All posts by Kirti Arora

Re-introduction of filing of Declaration before Commencement of Business w.e.f. 2nd November, 2018

There are certain rules and regulations to be followed while establishing any legal venture, it gives an entity a legal identity.  Establishing a business in any country requires diligent acknowledgment and adherence to the prevailing laws. In India, the Ministry of Corporate Affairs (‘the Ministry’) is the primary regulator of the corporate sector and these regulations are continuously modified for better control and governance.

The Ministry vide an ordinance dated 21st February, 2019 (The Companies (Second Amendment) Ordinance, 2019), reintroduced the concept of Commencement of Business. Such a provision originally existed under Section 11 of the Companies Act, 2013, which was later on omitted vide the Companies (Amendment) Act, 2015 to cater ease of doing business for newly incorporated entities.

 

Tracking The Change:

Requirement under the old Act: The provision of obtaining a certificate for commencement of business was applicable only on public Companies (Section 149 of the Companies Act, 1956). Public Companies could commence their business only after obtaining a Certificate of commencement of business from their respective Registrar.

The Companies Act, 2013: On emergence of the Companies Act, 2013 (effective from 1st April, 2014), Section 11 of the Act mandated every newly incorporated company, whether private or public, to file a ‘Declaration’ with the relevant Registrar before it commenced any business. However, this requirement was done away with on 26th May, 2015 when the Ministry brought in the necessary amendments (Companies (Amendment) Act, 2015) aiming to promote ease of doing business. As a result, the provision of filing a declaration before commencement of a business was eliminated.

The Companies (Amendment) Ordinance, 2018: In the current scenario, the Ministry has re-introduced a section for filing of a declaration before commencement of business pursuant to Companies (Amendment) Ordinance, 2018.
 

Citing The Change:

  • As per Section 10A, every Company, incorporated after the date of the ordinance i.e. 2nd November, 2018, is obliged to file a declaration in E-Form 20A with the Registrar of Companies within a period of 180 days from the date of incorporation declaring that the Company has received the entire subscription money from its subscribers to the Memorandum and has filed a Form INC-22 for verification of its registered office.
  • This provision is applicable to all newly incorporated Companies (incorporated after 2nd November, 2018) having a share capital.
  • It is pertinent to note that a Company cannot commence its business or exercise any borrowing power unless a declaration has been filed.
  • After filing a declaration, ROC shall take note of the same although no certificate shall be issued for the same.
  • Companies are mandated to attach a proof that it has received the subscription amount from the subscribers.
    *Companies can attach a copy of bank statement as a proof.
  • In case of failure of filing Form 20A with the ROC, Company shall be liable for penalty of 50,000/- and every officer shall be liable to penalty of Rs. 1,000/- for each day till the default continues subject to maximum amount of Rs. 1,00,000/-.
  • Non-compliance of the Section could be a ground for striking-off the Company under Section 248 of the Companies Act, 2013.

 

Why The Change:

The purpose of re-introducing the old law is to identify the dummy Companies and this shall also assist Ministry in early identification and strike off of defunct Companies.

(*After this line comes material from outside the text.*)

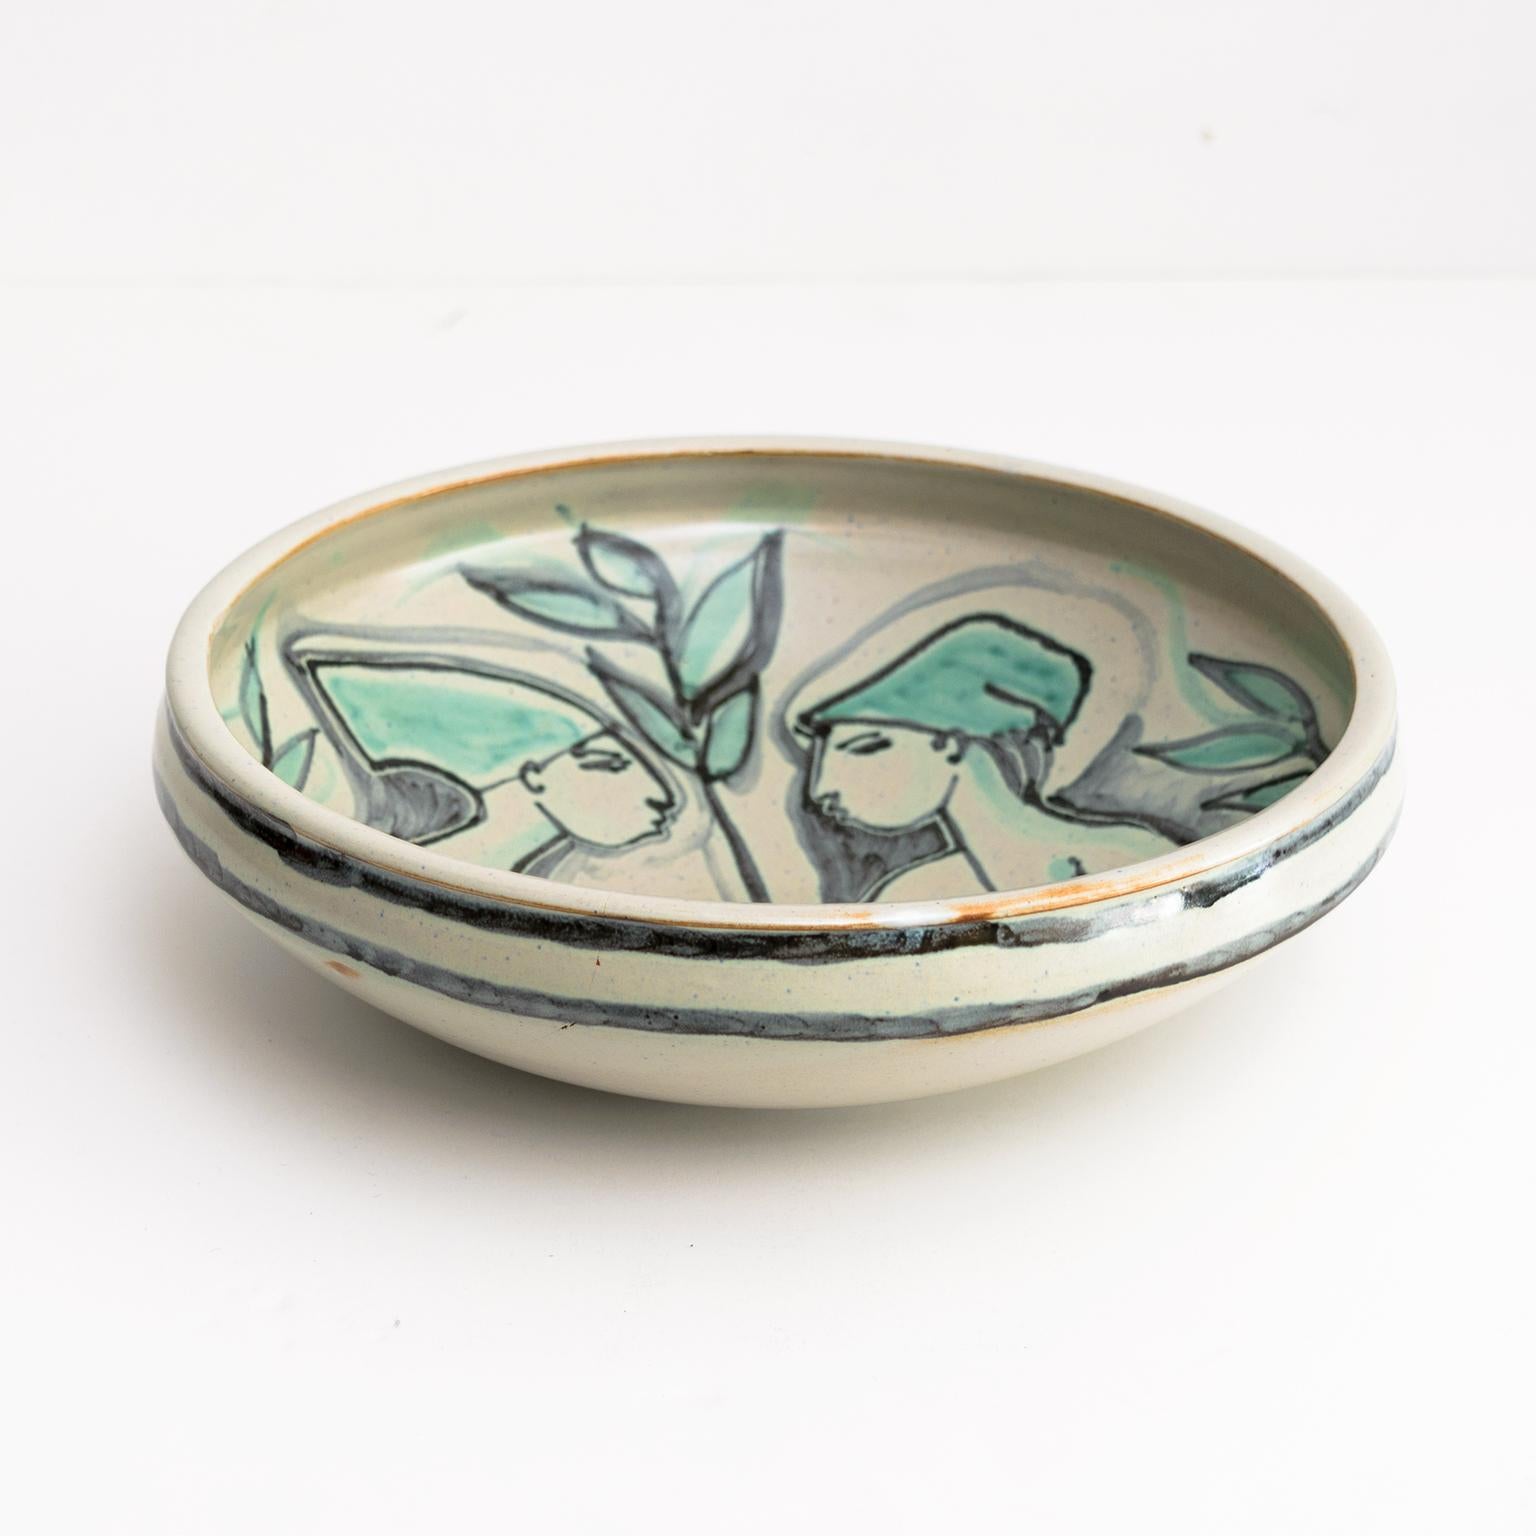 Scandinavian Modern Mette Doller Designed Bowl with Seated Women, Höganäs Keramik, Sweden, 1950's For Sale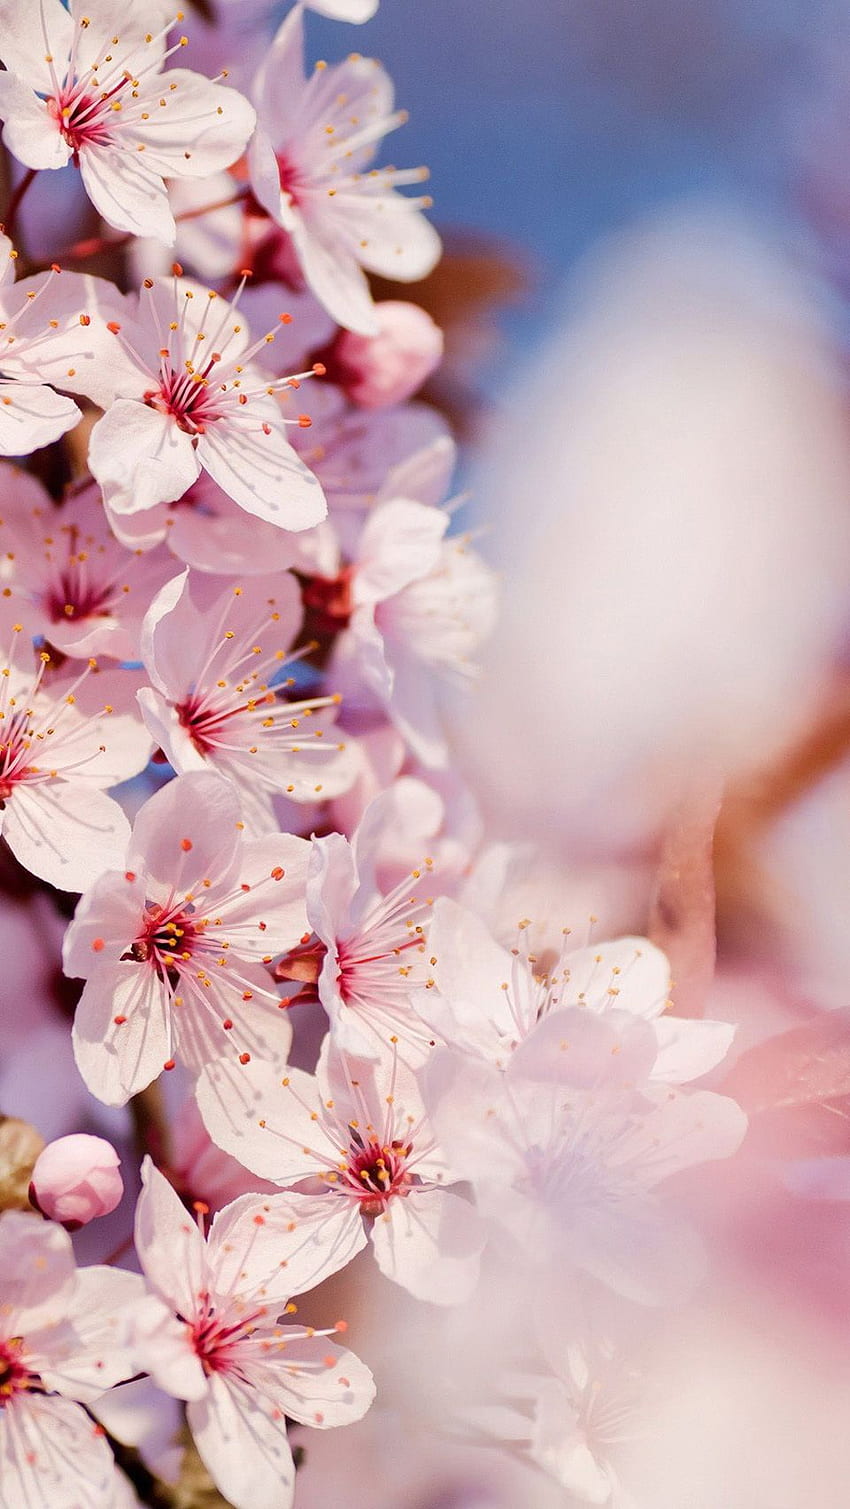 iPhone 6 Cherry Blossom 968 completo, flor de cerezo japonés fondo de pantalla del teléfono

The provision for making declaration before commencement of business was abolished by the Companies (Amendment) Act, 2015. The aim was to facilitate newly incorporated Companies by easing the norms for incorporating a Company and to promote the corporate form of business organization. Pursuant to this omission, it was noticed that this relaxation was misused by many of the corporate entities, the Companies were formed only for the purpose of circulating money.

Just as one bad fish spoils the entire pond, this was a much needed step on the part of Government to curb such malpractices. Thus, on notice of any such unethical and illegal ventures, the ROC can suo-moto strike off the Companies formed with mala fide intentions.

Comparison Between LLP and Private Limited Company

The most important decision which a start-up needs to take is the choice of business organization, whether to go for a LLP or a Private Company.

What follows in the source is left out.